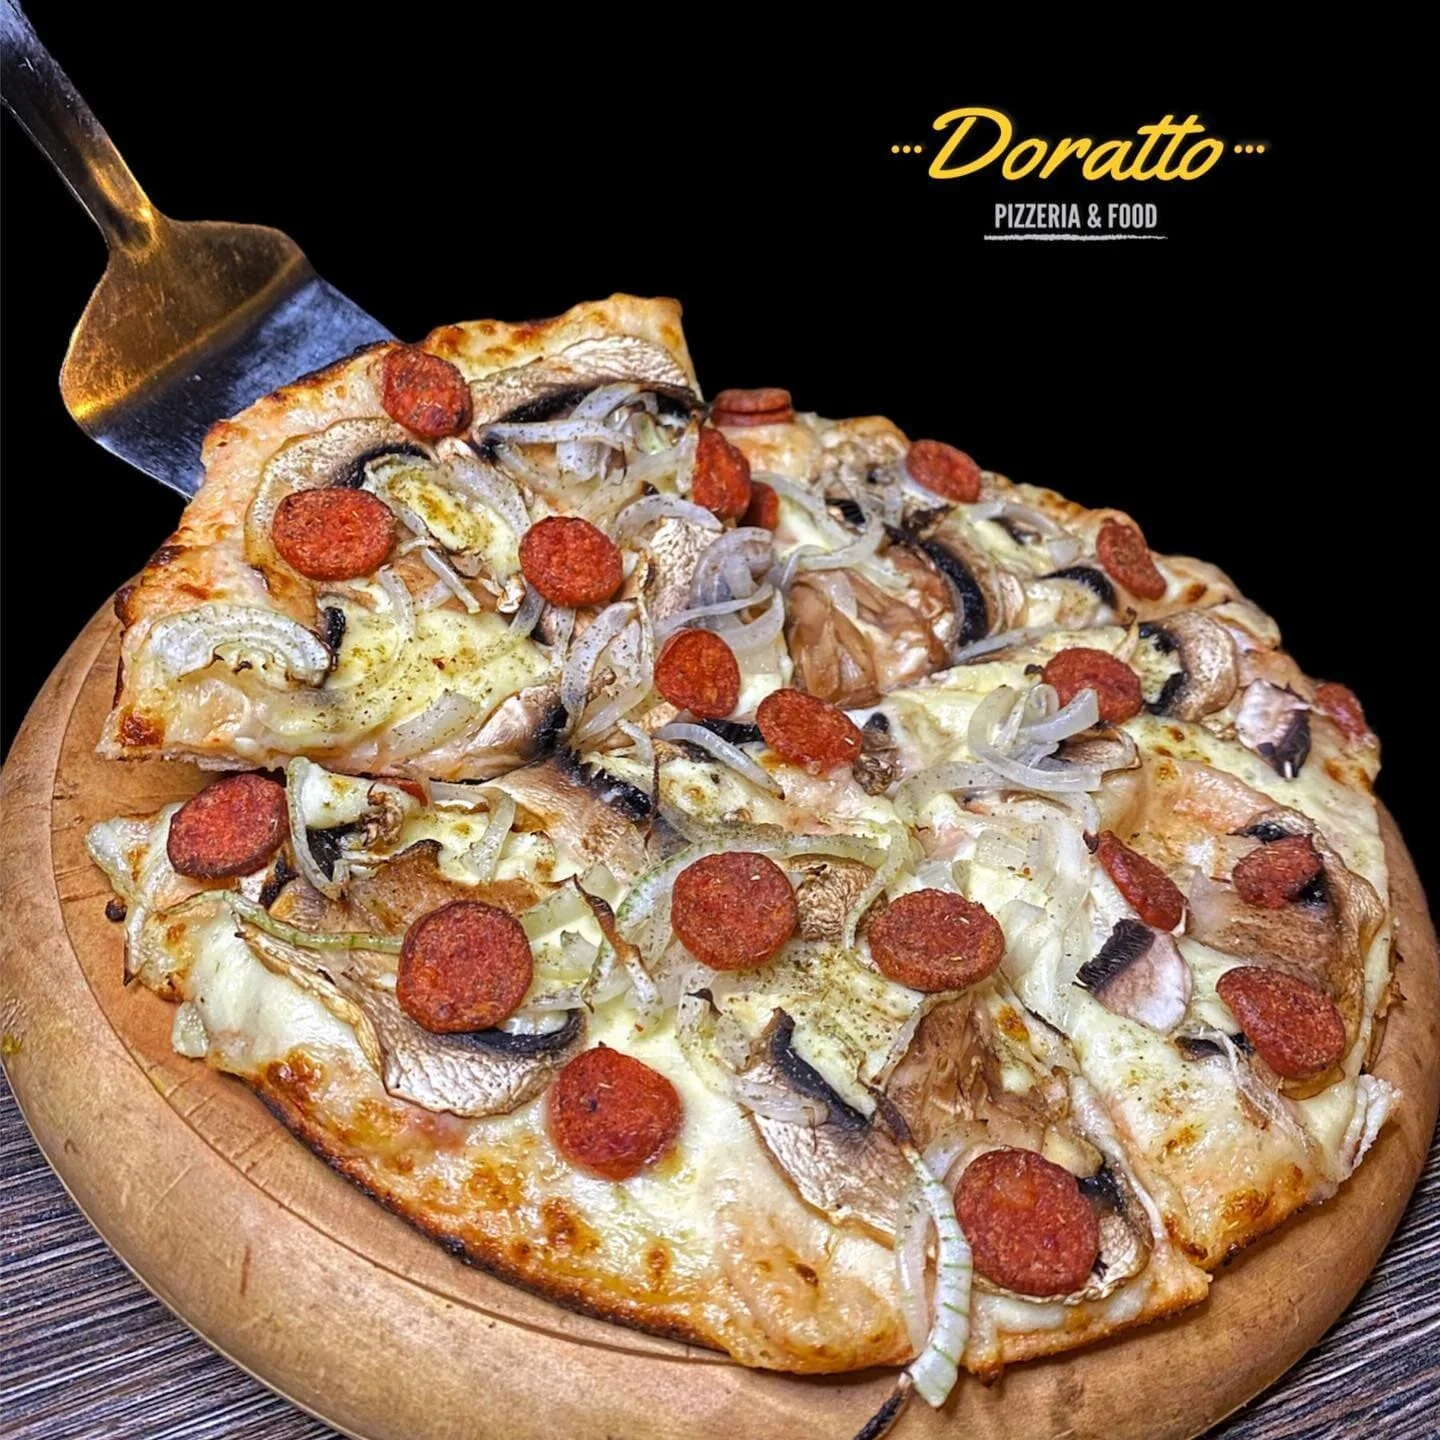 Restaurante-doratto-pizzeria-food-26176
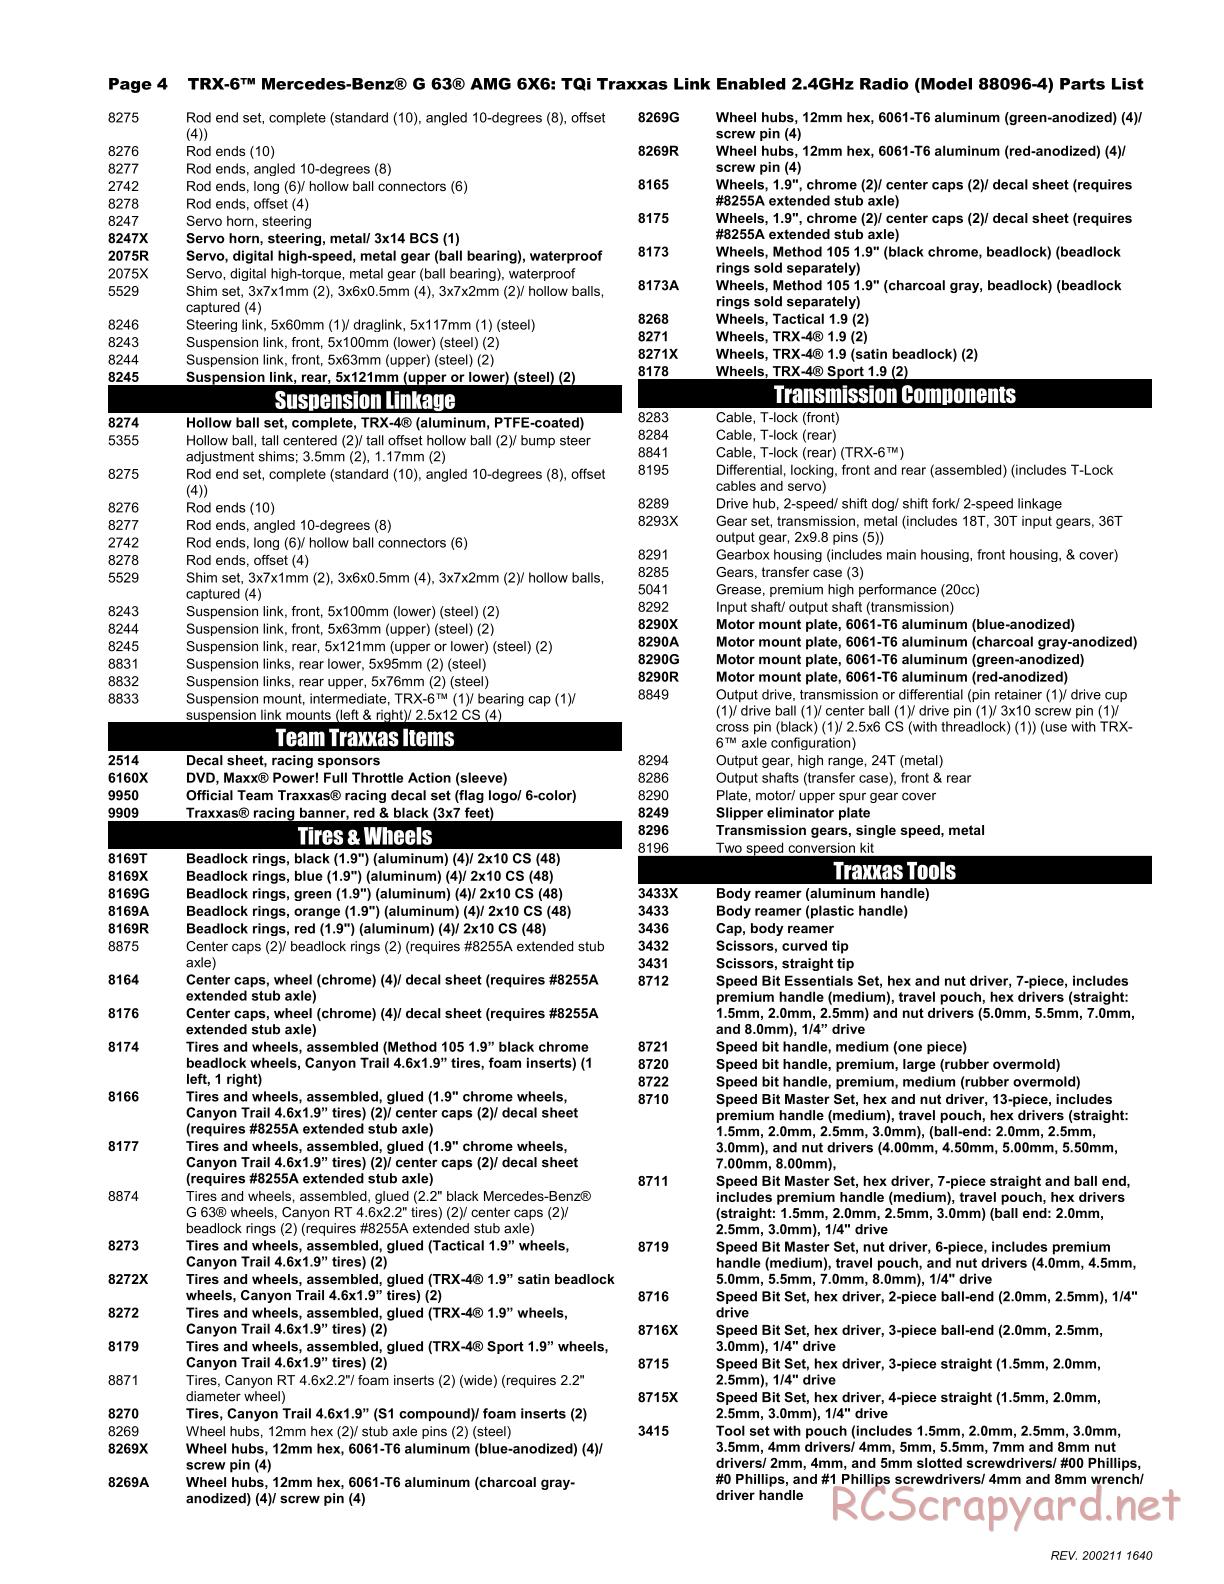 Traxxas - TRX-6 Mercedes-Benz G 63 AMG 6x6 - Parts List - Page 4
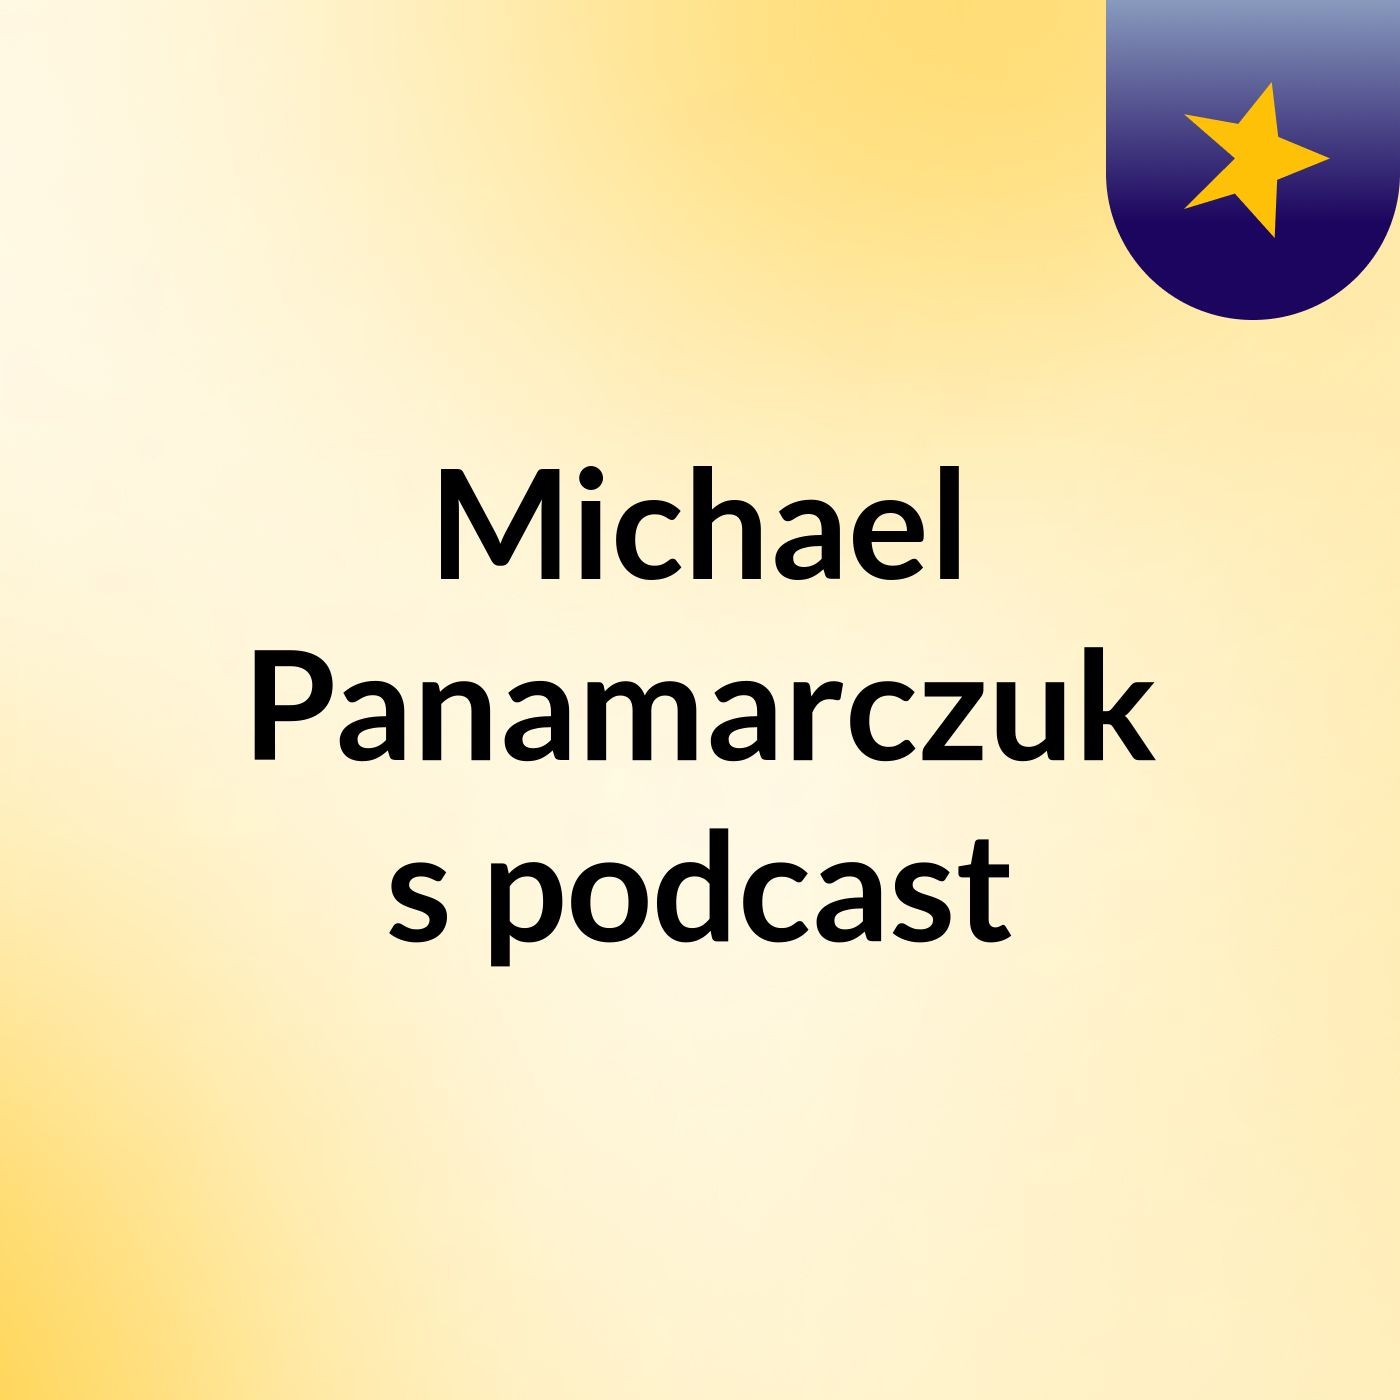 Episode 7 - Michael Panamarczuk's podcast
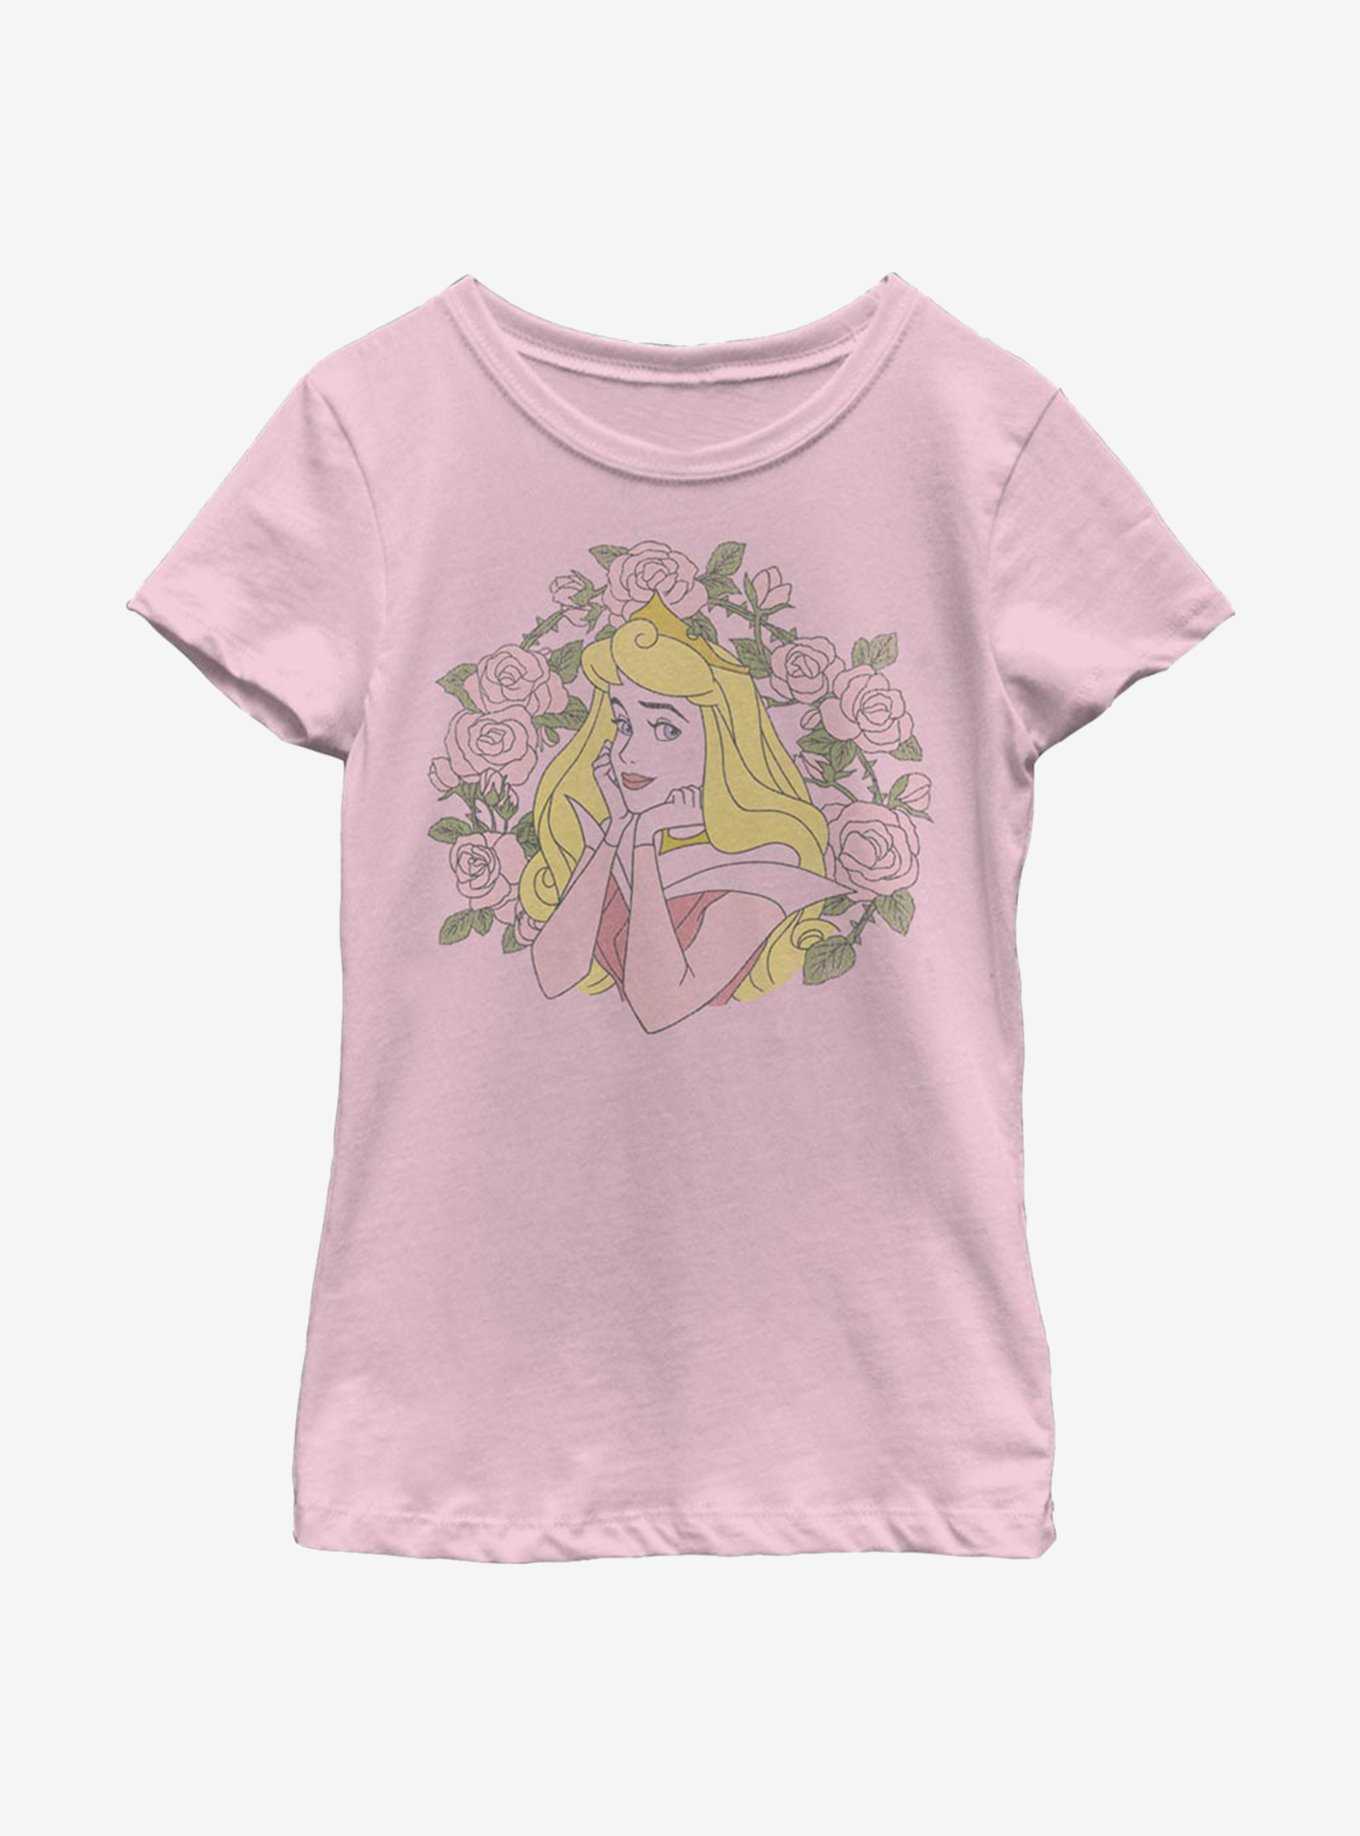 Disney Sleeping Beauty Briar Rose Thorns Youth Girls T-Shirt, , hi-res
---------------
All lines from the one holding "Traxxas - TRX-6" to the end of the listing above need to be duplicated exactly. None of the pictures should be included.

 Traxxas - TRX-6 Mercedes-Benz G 63 AMG 6x6 - Parts List - Page 4
 Episode 7 - Michael Panamarczuk's podcast
 Disney Sleeping Beauty Briar Rose Thorns Youth Girls T-Shirt, , hi-res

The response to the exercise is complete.